The only way to make everyone act the way some ideologue thinks they should is to have a totalitarian government, a strong police state, a structure of spying on every action, every thought, every idea.
What those utopians are saying is that they want everyone to live in what’s a perfect society FOR THEM. In other words, they want power over your very soul.
I say it’s spinach, and I say to hell with it.
There is no utopia. Some people will be miserable in the wealthiest, cleanest, most considerate society ever. This is also not a conjecture. They are. And they scream about patriarchy and oppression and white supremacy that exist only in their heads.
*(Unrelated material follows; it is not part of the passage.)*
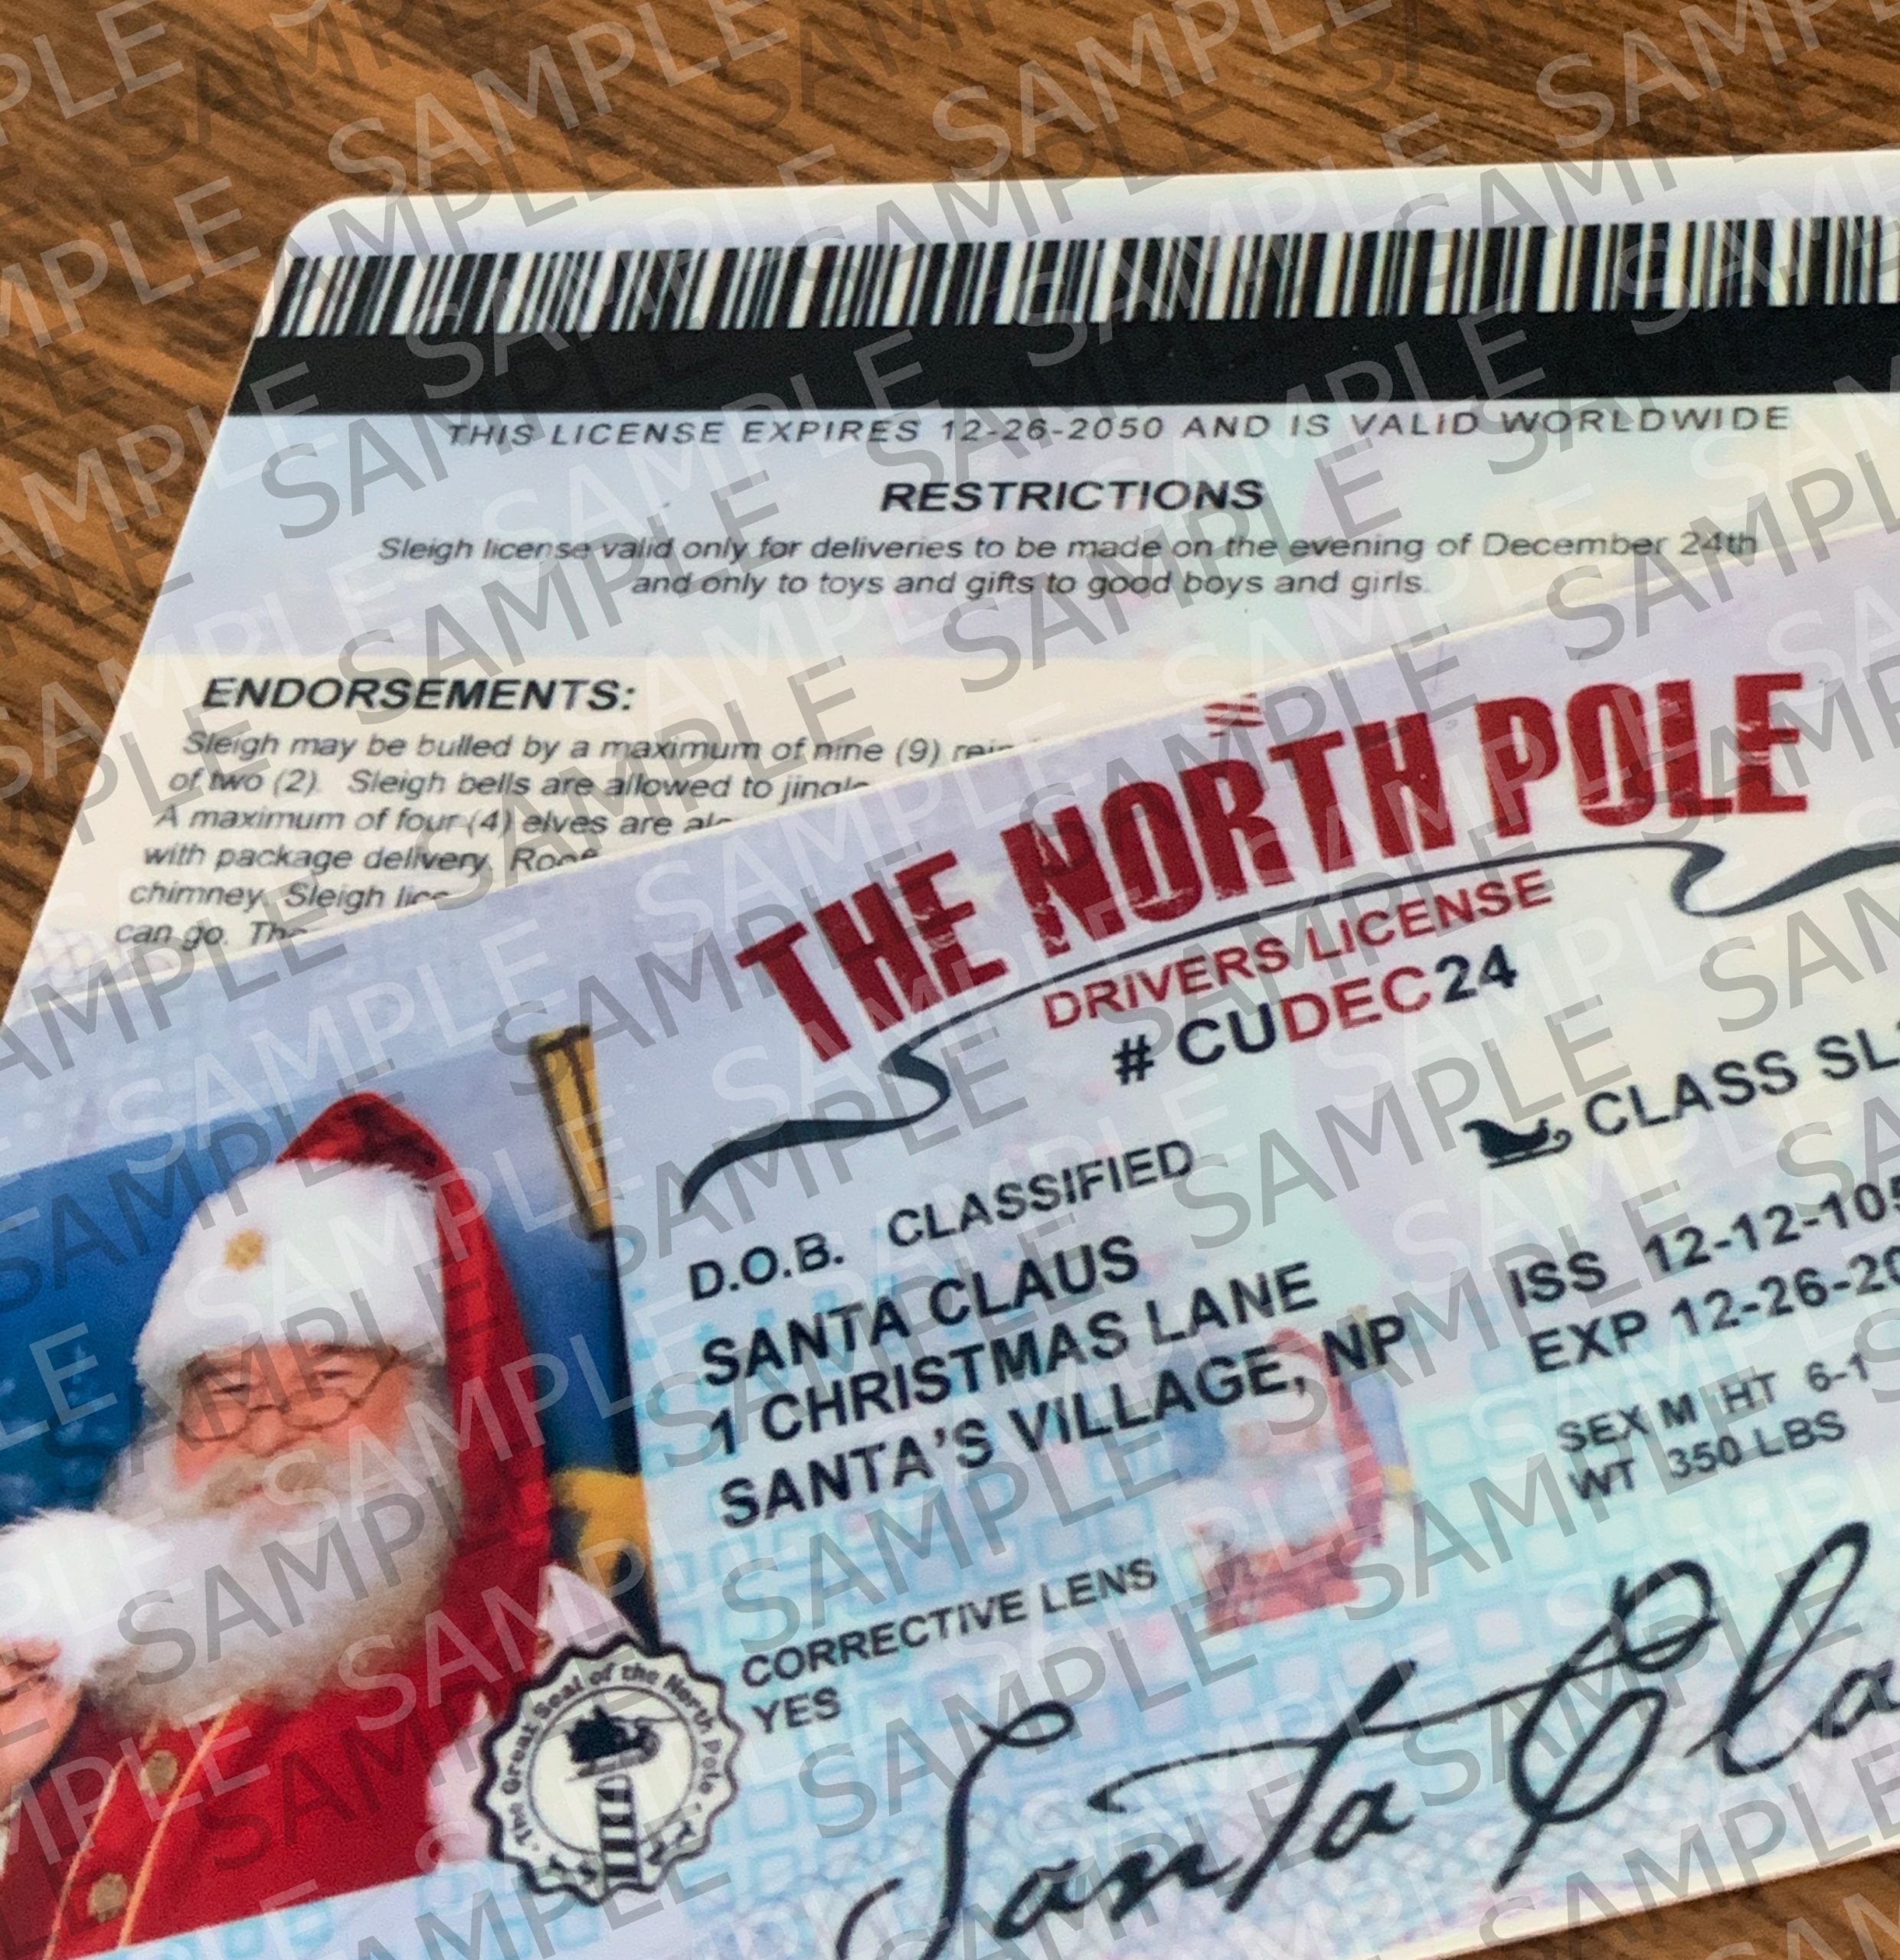 Santa Claus Lost Driving/Sleigh Licence

My solution is to work towards a society that’s even safer and more prosperous. Because then fewer people will fall through the cracks. And more confident, so we give people the tools not to be driven mad by excess wealth (this seems to be a strong correlation throughout history, if you look at the scions of very wealthy families. Maybe because being built on a scavenger frame, man needs to struggle at least somewhat.)
And the way to get there is freedom.
Not the red-throated “freedom” of the lock step masses and the groups of widgets fighting against other groups of widgets, but the true freedom of the individual to—to coin phrase—be all that he/she can be.
It ain’t utopia, but it’s as close as we can get to it in this world.